Cosa significano davvero gli occhi rossi nel cane e perché non vanno ignorati
Quando noti gli occhi rossi nel cane, la prima reazione è spesso quella di aspettare e vedere se il rossore scompare da solo. In realtà questa attesa può diventare rischiosa, perché alcune patologie oculari peggiorano rapidamente se non vengono trattate. L’arrossamento non è mai un semplice dettaglio estetico: è un segnale che qualcosa sta irritando, infiammando o danneggiando l’occhio del tuo compagno.

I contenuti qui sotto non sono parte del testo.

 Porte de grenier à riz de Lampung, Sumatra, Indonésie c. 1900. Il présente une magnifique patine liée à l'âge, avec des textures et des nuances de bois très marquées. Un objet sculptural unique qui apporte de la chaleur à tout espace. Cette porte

Conoscere le cause più comuni, osservare i sintomi associati e capire quando è il momento di andare dal veterinario ti permette di intervenire in modo tempestivo. In molte situazioni, una valutazione precoce fa la differenza tra una cura semplice e una complicazione che potrebbe compromettere la vista. Per questo abbiamo raccolto tutte le informazioni essenziali sugli occhi rossi nel cane, per aiutarti a prendere le decisioni giuste senza perdere tempo prezioso.
Se desideri approfondire altri aspetti legati alla salute e al comportamento del tuo amico a quattro zampe, puoi consultare la nostra guida completa su Cani: tutto quello che devi sapere per una convivenza serena e consapevole.

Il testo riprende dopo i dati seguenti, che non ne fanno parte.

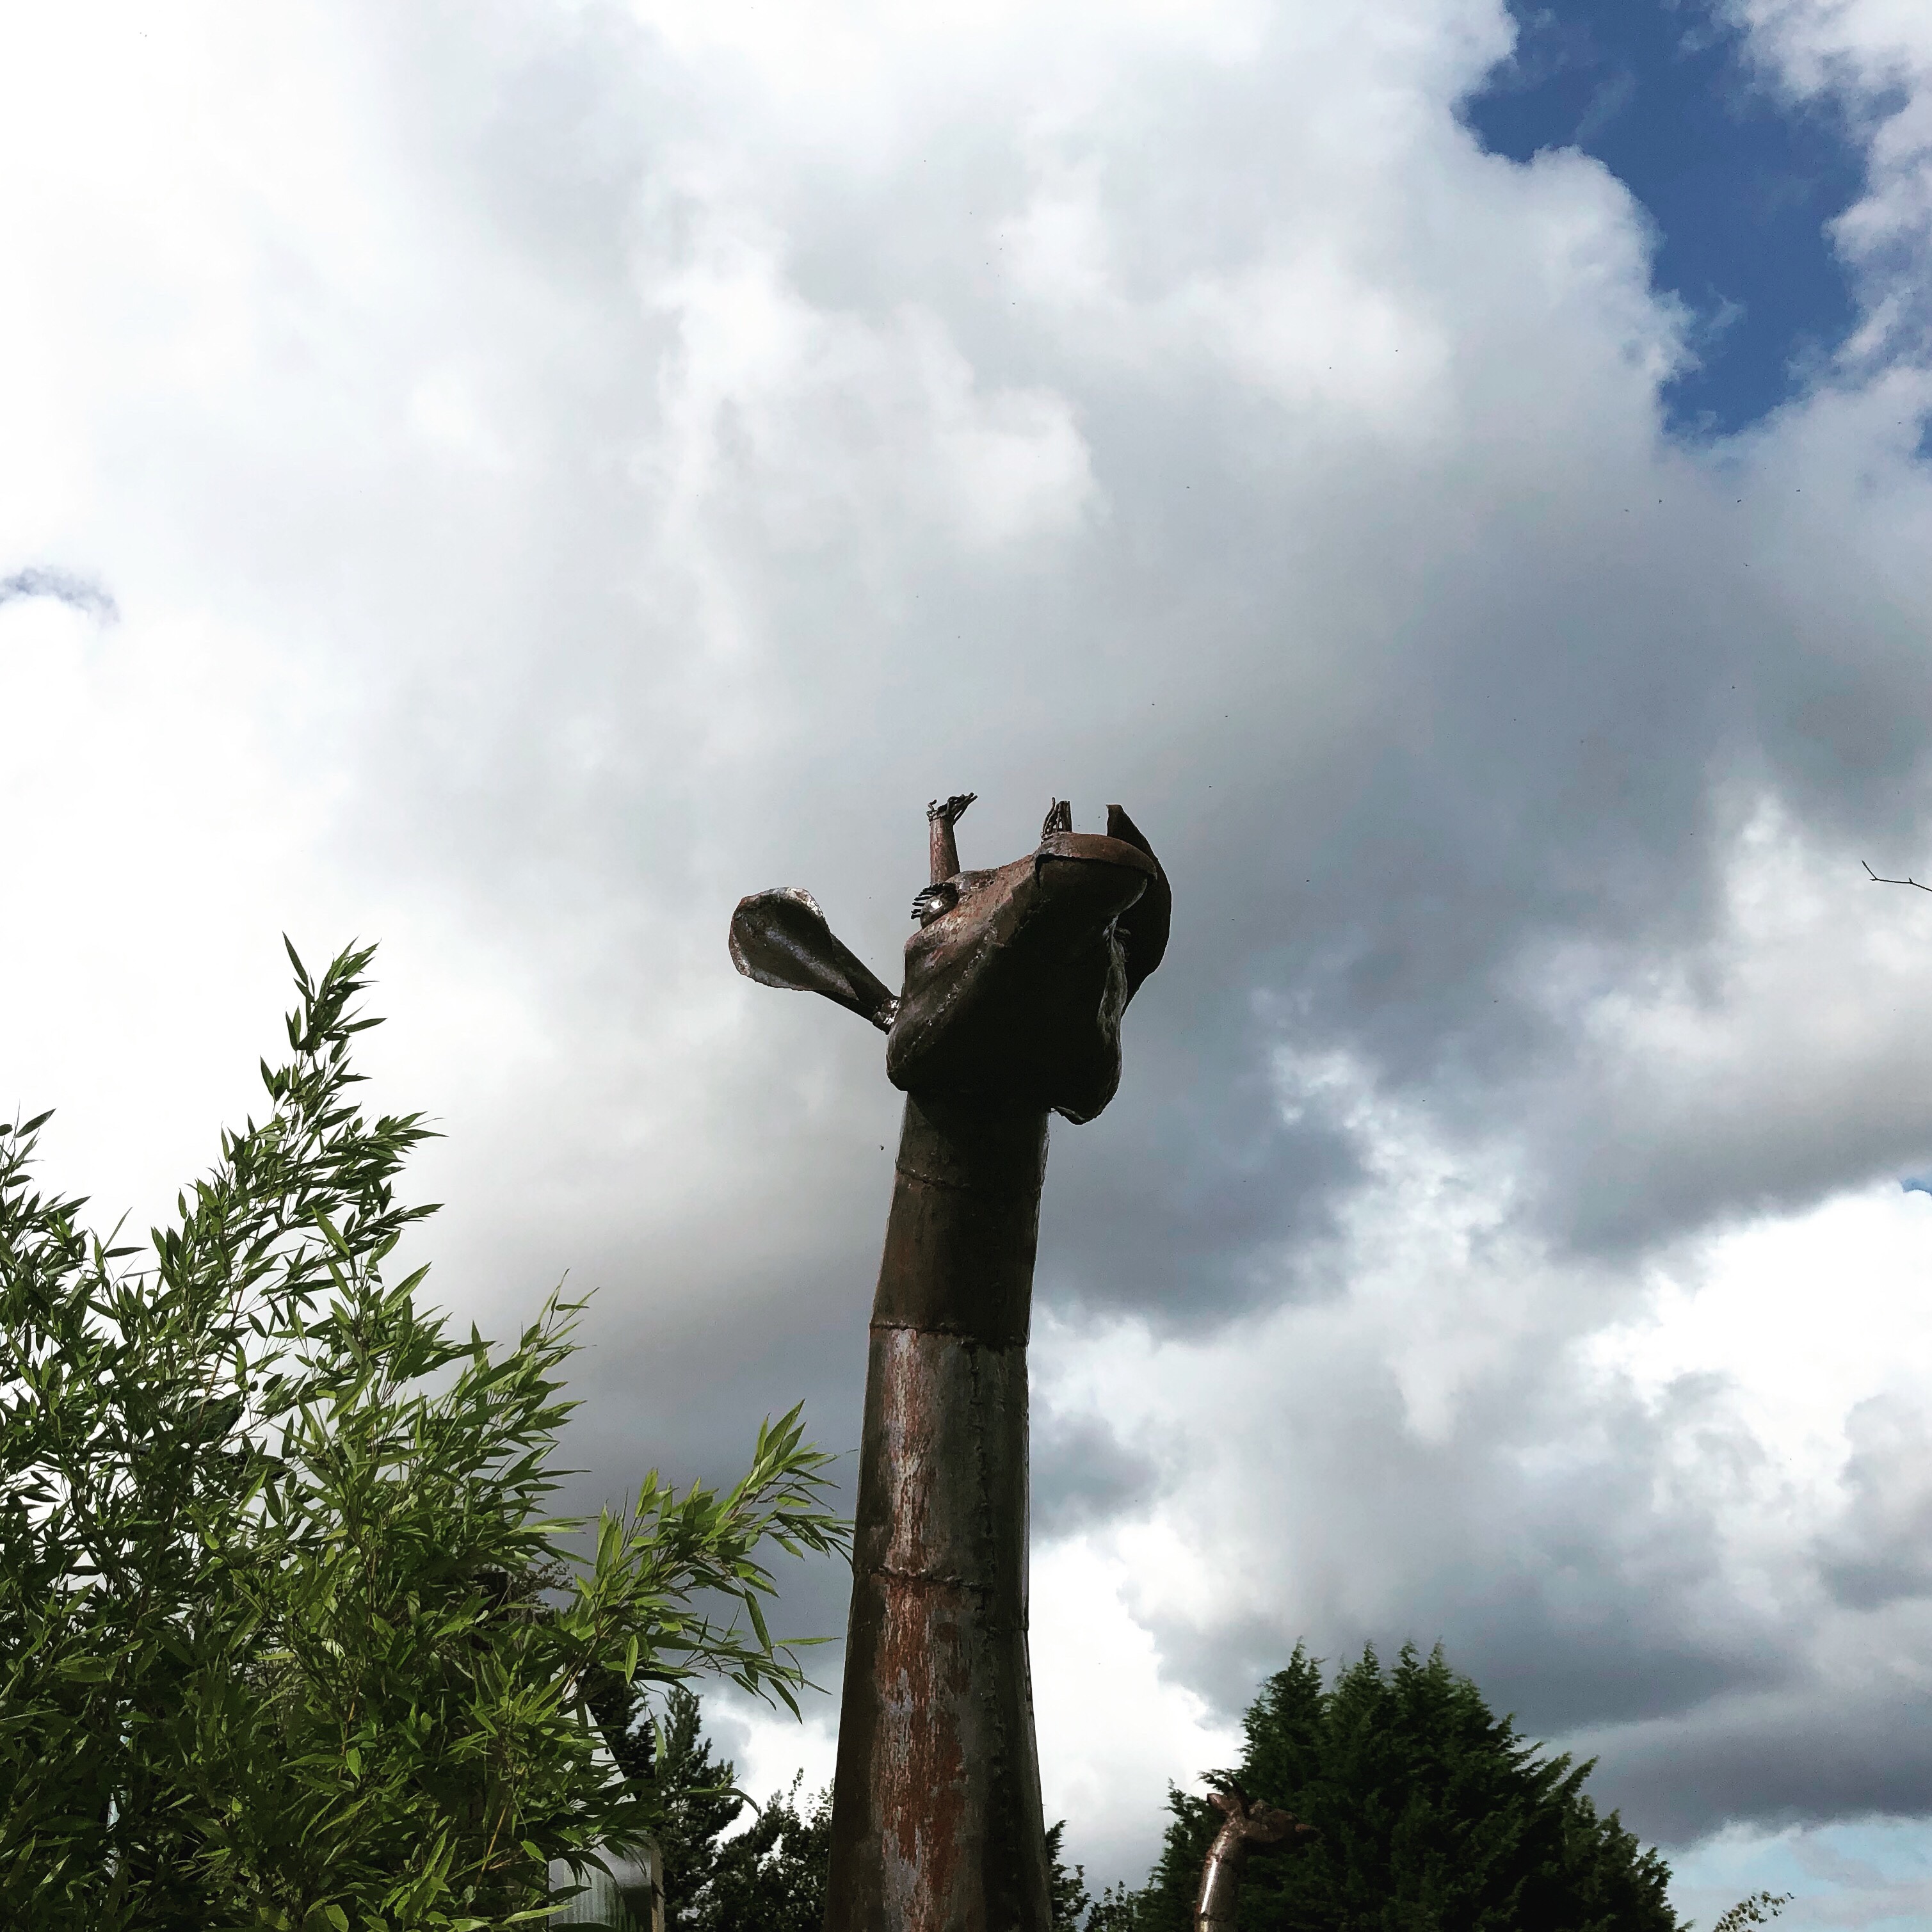 A giraffe made of iron at cherry hill garden centre near Middlesbrough

Perché il cane ha gli occhi rossi? Cause principali degli occhi rossi nel cane
Le cause degli occhi rossi nel cane possono essere molto diverse tra loro: alcune sono banali e facilmente risolvibili, altre richiedono cure tempestive e specifiche. L’arrossamento è sempre il risultato di una dilatazione dei vasi sanguigni sulla superficie oculare o di una piccola emorragia, ma ciò che scatena questa reazione può variare da un’allergia stagionale a una malattia grave come il glaucoma.

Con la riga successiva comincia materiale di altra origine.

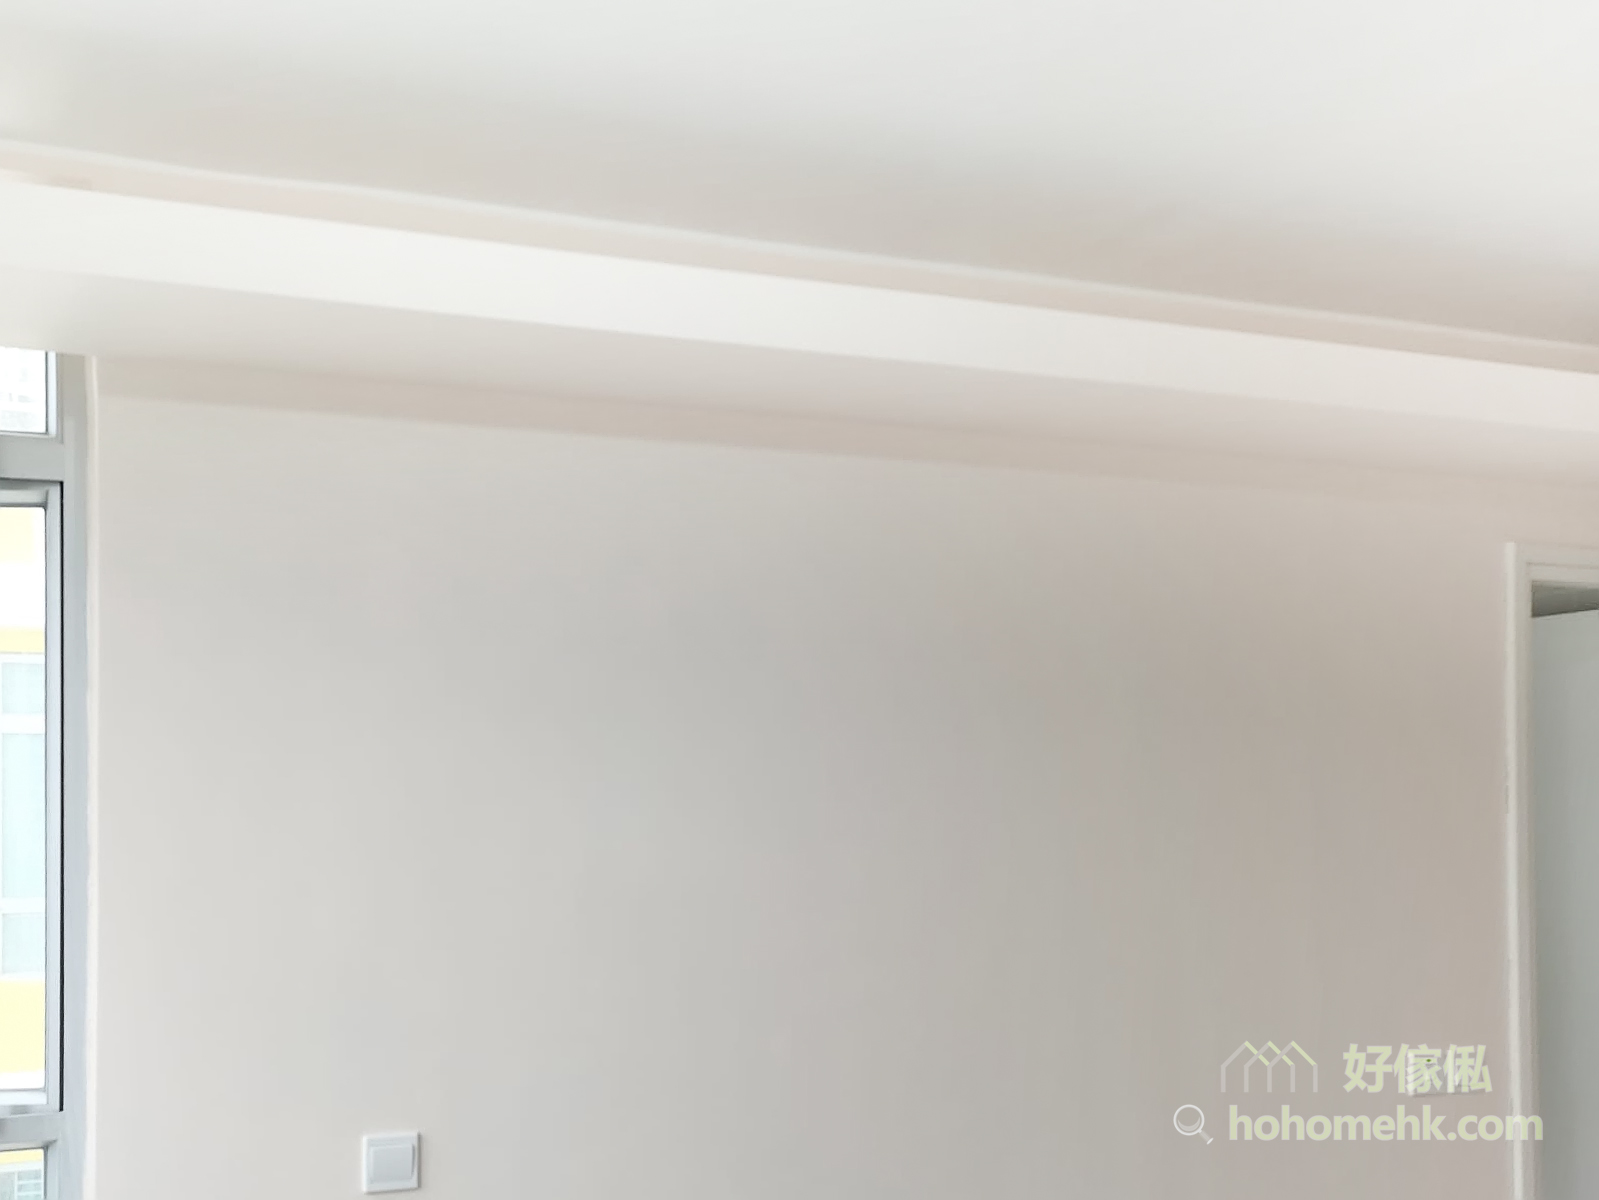 木板除了可以用來做系統櫃和隔間外，還可以建造天花板燈槽。圍著全屋空間訂做一整列的燈槽，柔和的光線讓空間充滿溫馨感與造型感
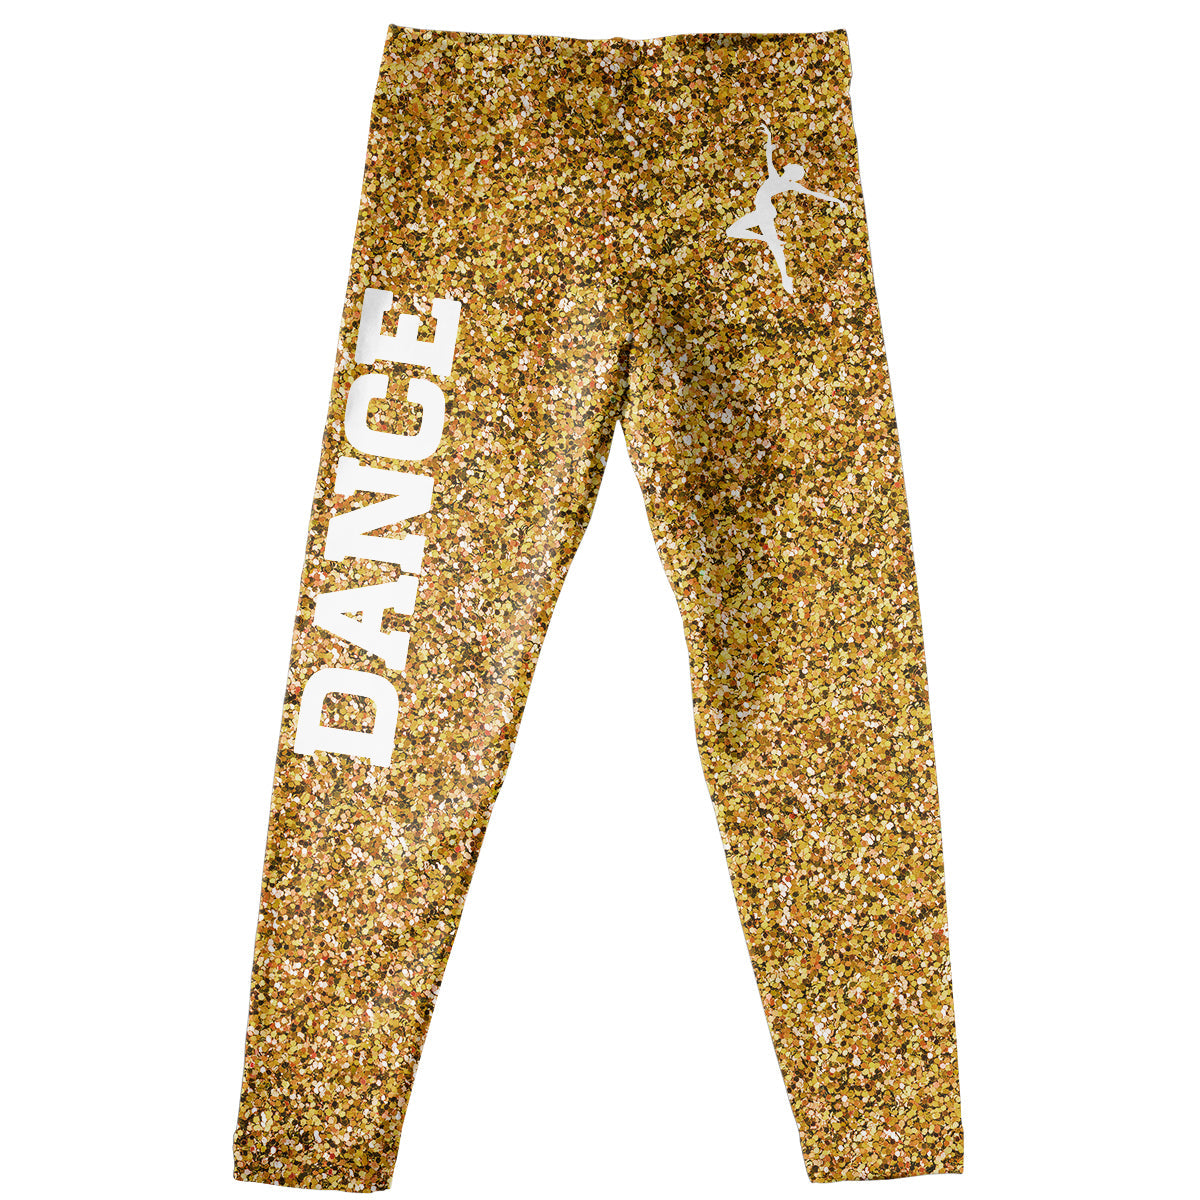 Gold glitter dancer silhouette girls leggings - Wimziy&Co.

Ecco le cause più frequenti che devi conoscere, con i dettagli per distinguerle a prima vista.
Allergie ambientali e alimentari
Le allergie rappresentano una delle ragioni più diffuse di occhi rossi nel cane. Pollini, acari della polvere, muffe, profumi per ambiente e prodotti chimici domestici possono irritare la congiuntiva e scatenare una risposta infiammatoria. Il cane manifesterà prurito intenso, lacrimazione abbondante e tenderà a strofinarsi il muso sul tappeto o a grattarsi con le zampe.
In molti casi, l’arrossamento oculare di origine allergica si accompagna ad altri segni come starnuti, leccamento eccessivo delle zampe, otiti ricorrenti o irritazioni cutanee diffuse. Le allergie alimentari, invece, possono dare sintomi più subdoli ma altrettanto fastidiosi per gli occhi. Per approfondire queste due tipologie ti consiglio di leggere gli articoli su Allergie alimentari nel cane: sintomi, cause e rimedi e su Allergie ambientali nel cane: sintomi, cause e rimedi.
Congiuntivite
La congiuntivite è un’infiammazione della membrana che riveste l’interno delle palpebre e la superficie del bulbo oculare. Può avere origine batterica, virale, allergica o semplicemente irritativa, e rappresenta una delle cause più comuni di occhi rossi nel cane. L’arrossamento si accompagna spesso a secrezioni che possono essere trasparenti e acquose oppure dense, giallastre o verdastre.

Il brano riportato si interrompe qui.